100 Mile House is a centre for outdoor activities and is becoming increasingly known for its richness of bird life. The surrounding area features hundreds of lakes for boating and fishing including 101 Mile Lake, 103 Mile Lake, Lac La Hache, Canim Lake, Horse Lake, Green Lake, Bridge Lake and Sheridan Lake. The Cariboo ski marathon attracts a large and international field of cross-country (Nordic) skiers.

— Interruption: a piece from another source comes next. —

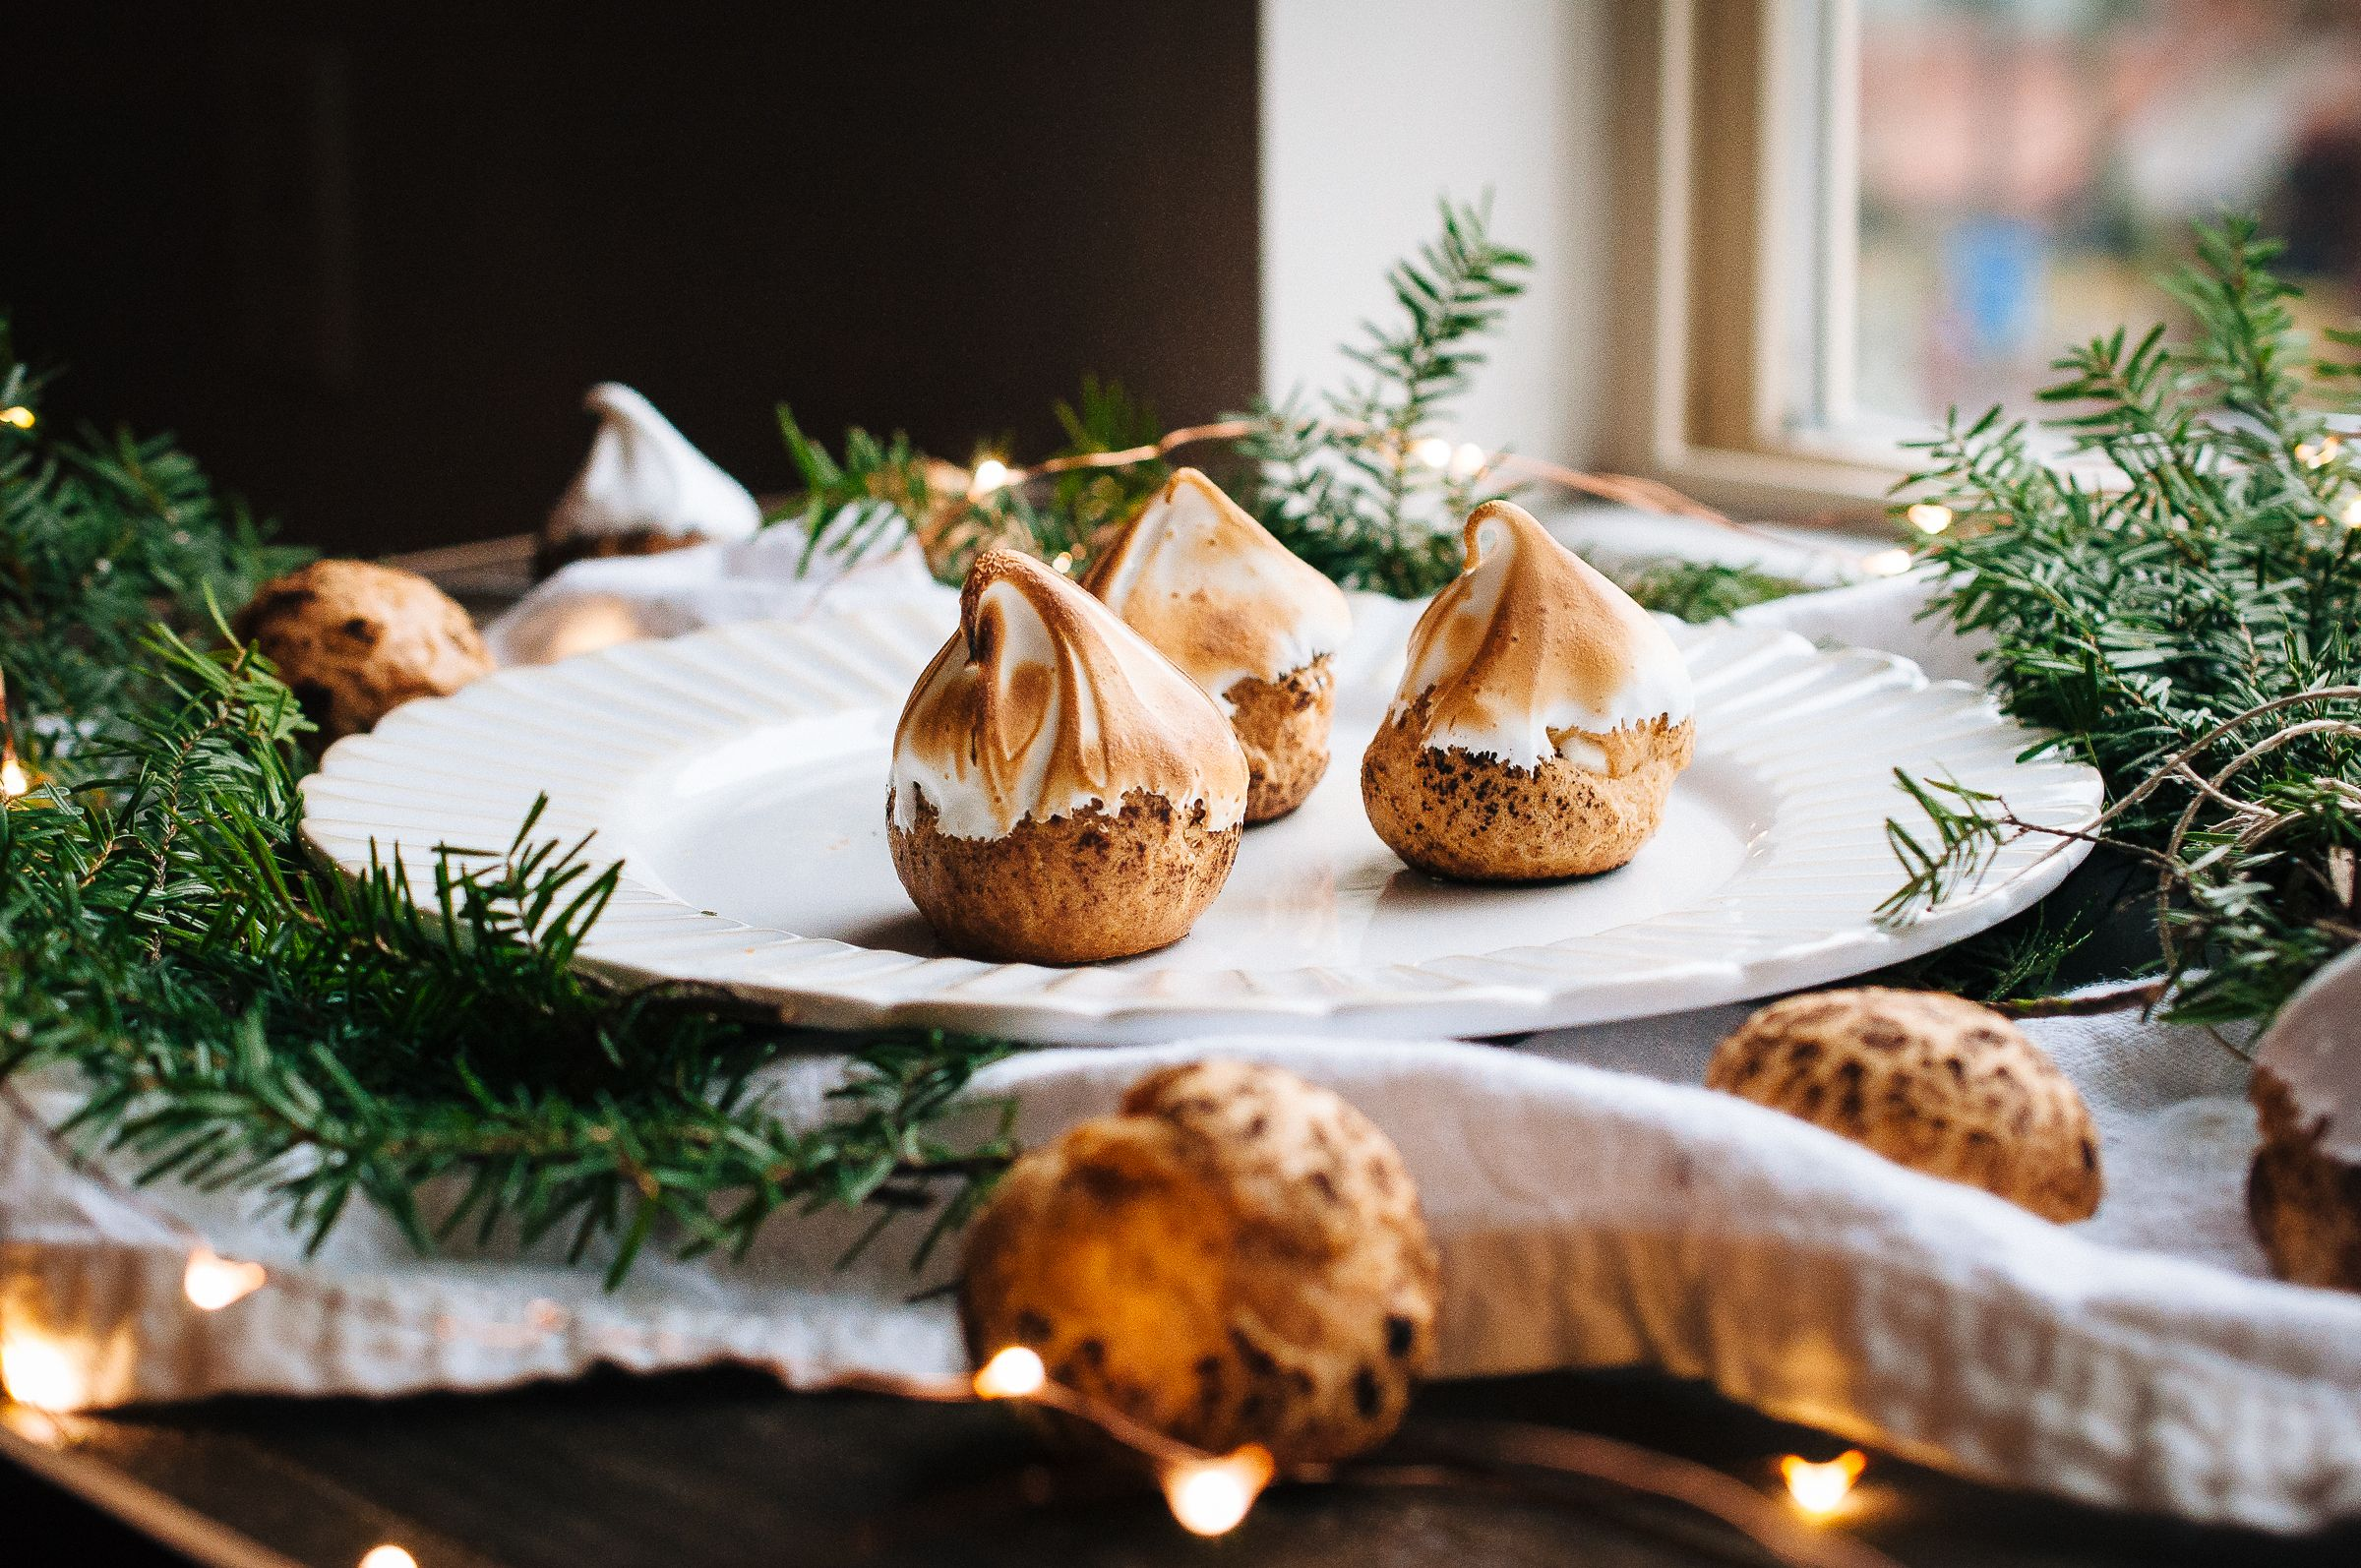 20 Best Holiday Desserts To Sweeten The Season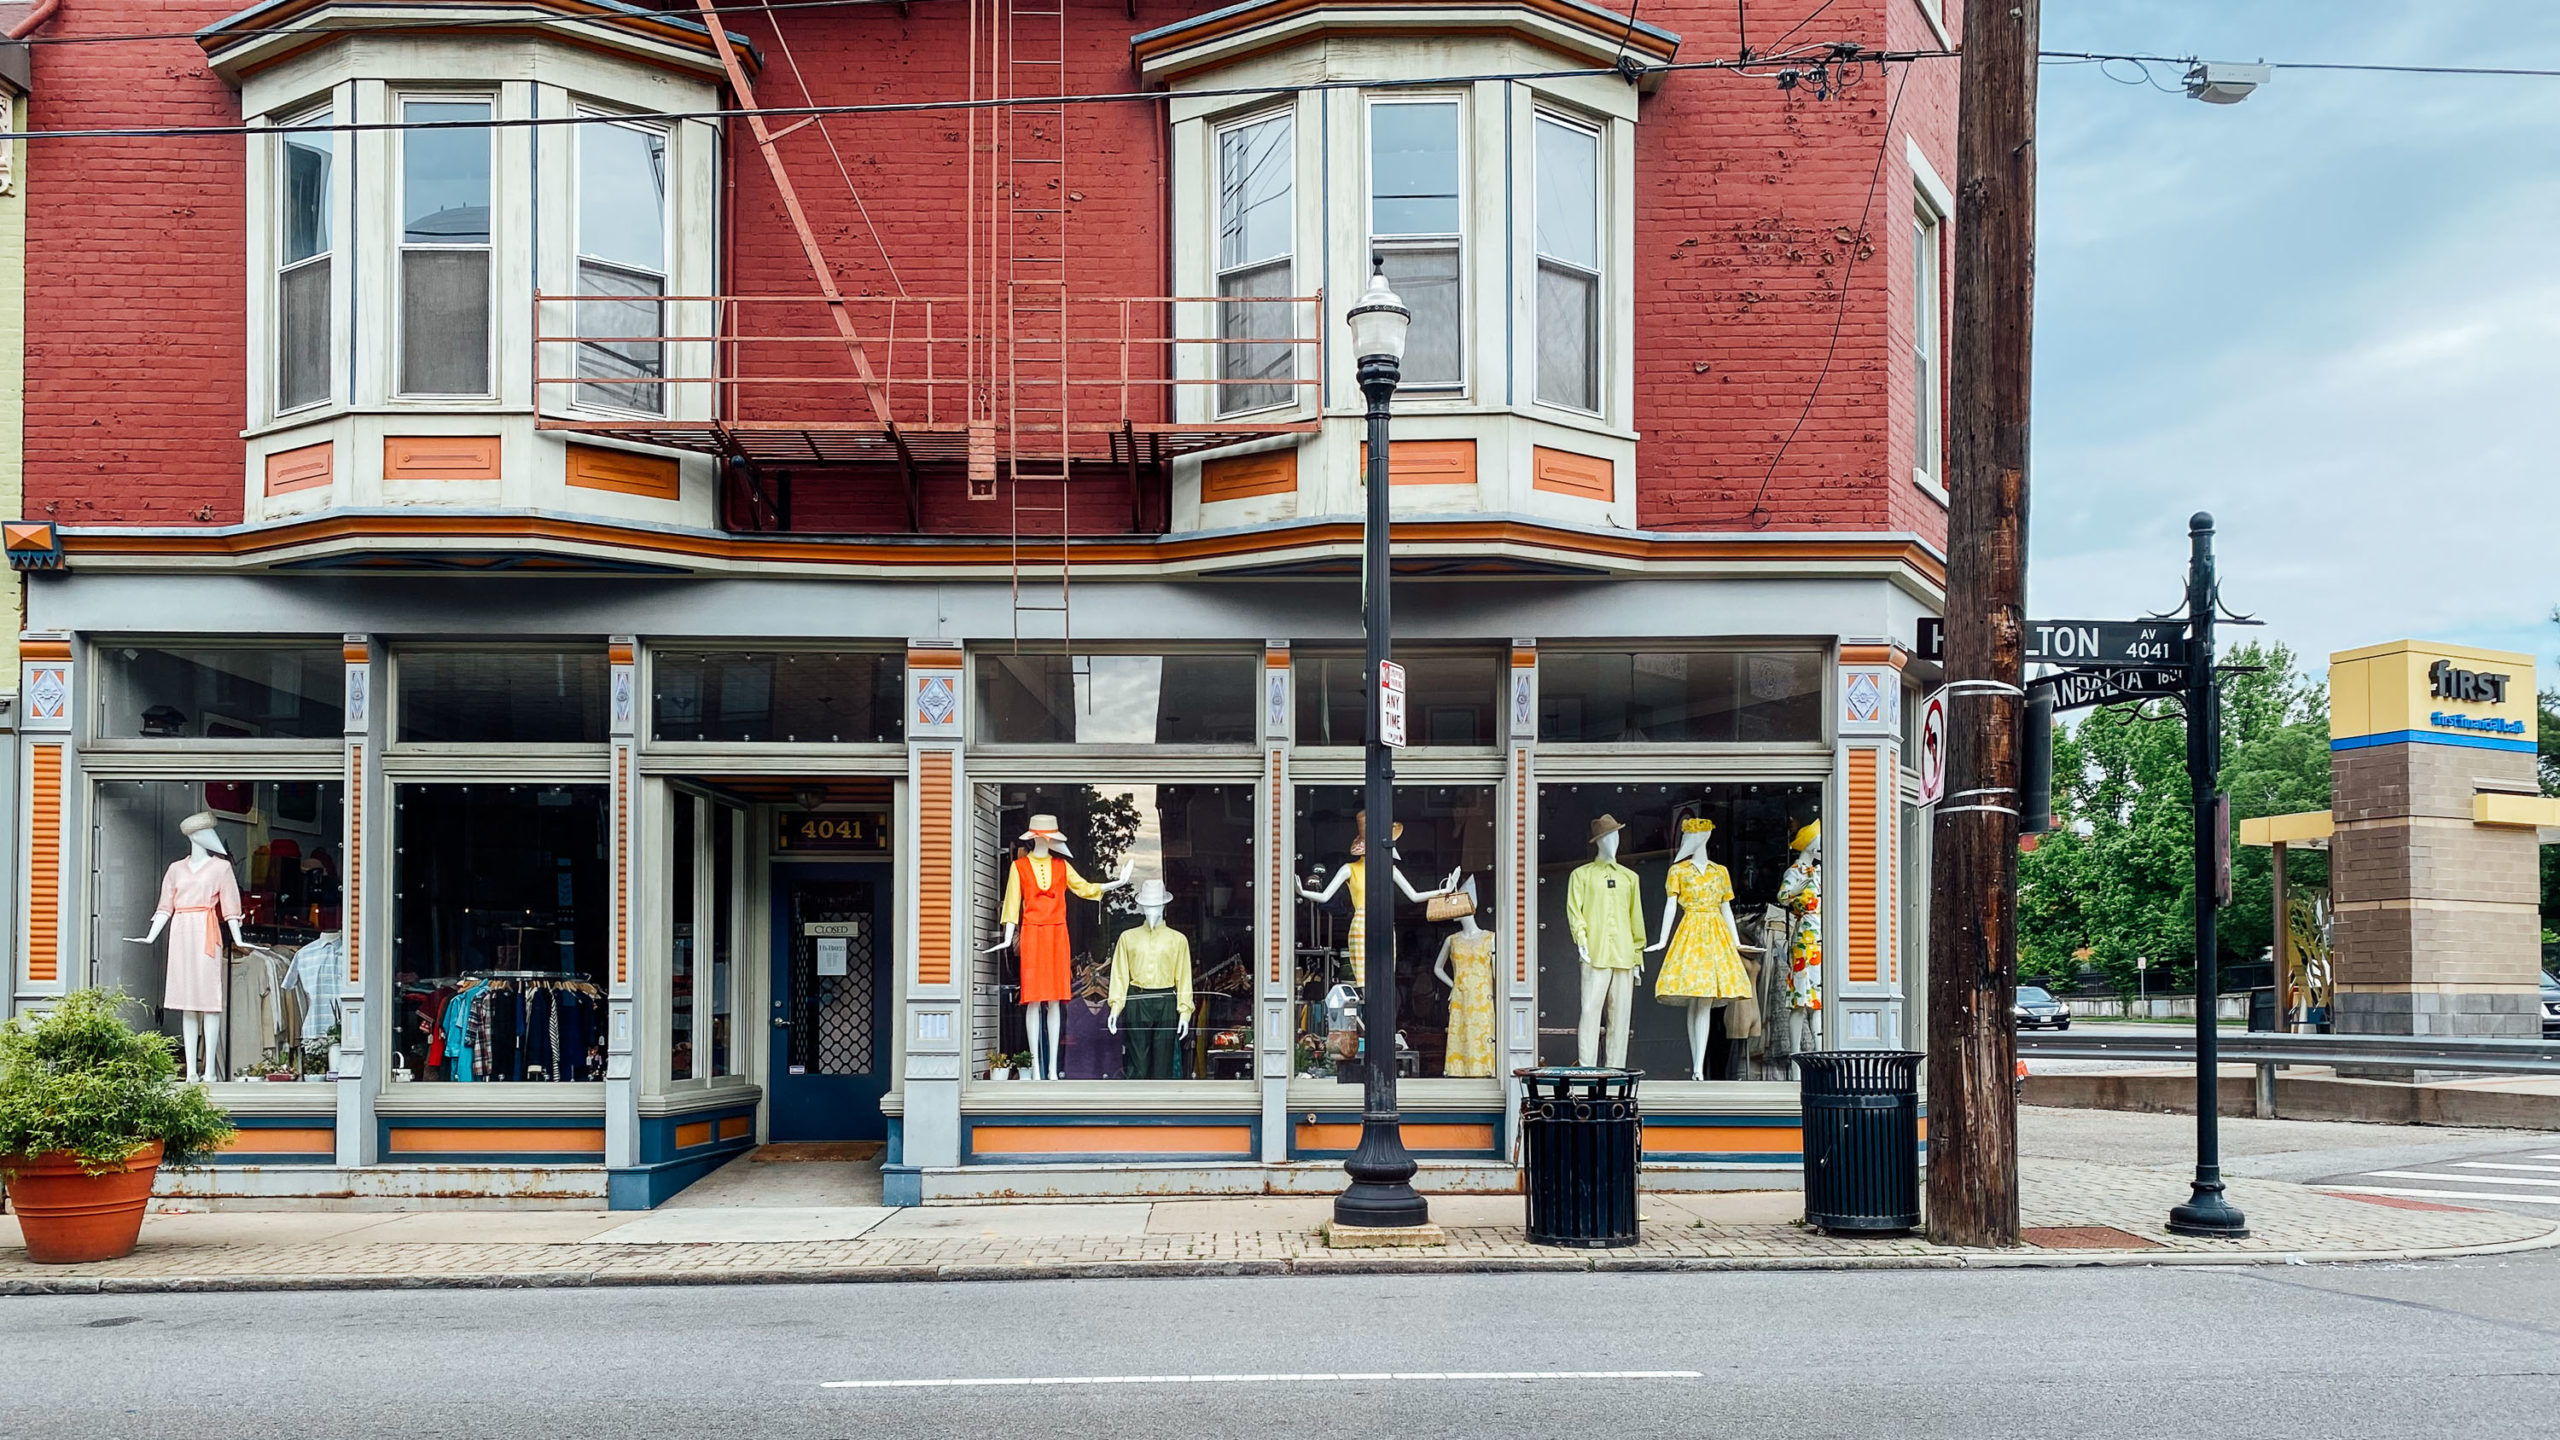 Storefront in Northside Ohio

The surrounding communities have various activities for residents and visiting tourists, including rodeos and an extensive trail system. This area is known for outdoor activities including hiking, snowmobiling, cross country skiing, and ATV riding. There are government campgrounds at Green Lake, Bridge Lake and Lac La Hache. There are also many private campsites around the area that also offer cabin and fishing boat rentals and RV hook-ups.

=== Transportation ===

100 Mile House was located historically along the Cariboo Road. Until 2002, it was served by BC Rail's daily dayliner service between Vancouver and Prince George. Until 2013, 100 Mile House was served by Greyhound Canada. Today, the town is served by the 100 Mile House Regional Transit System and by Adventure Charters intercity bus service four times a week in each direction. The area is also served by BC Transit Health Connections. The town is home to the 100 Mile House Airport with no scheduled services and is located near the larger South Cariboo Regional Airport.

== Nearby locations ==
- North of 100 Mile House are 108 Mile Ranch, Lac la Hache (26 km), 150 Mile House (77 km), Williams Lake (91 km), and McLeese Lake (135 km).
- Also located north of 100 Mile House are Quesnel (210 km) and Prince George (329 km).
- Southeast of 100 Mile House are the Interlakes area and Bridge Lake (56 km).
- South of the town are 70 Mile House (40 km), Clinton (72 km), Cache Creek (112 km), Spences Bridge (159 km), and Vancouver (456 km).

== Climate ==
100 Mile House has a humid continental climate (Köppen Dfb) with mild summers combined with cool nights, along with cold, but not very cold winters for its latitude. In spite of the moderation that comes from its relative proximity to the Pacific Ocean, extreme winter temperatures can occasionally occur, with a record low of -48 C. 100 Mile House is located in a rain shadow of the coastal mountains, resulting in reduced precipitation, much of it falling as snow.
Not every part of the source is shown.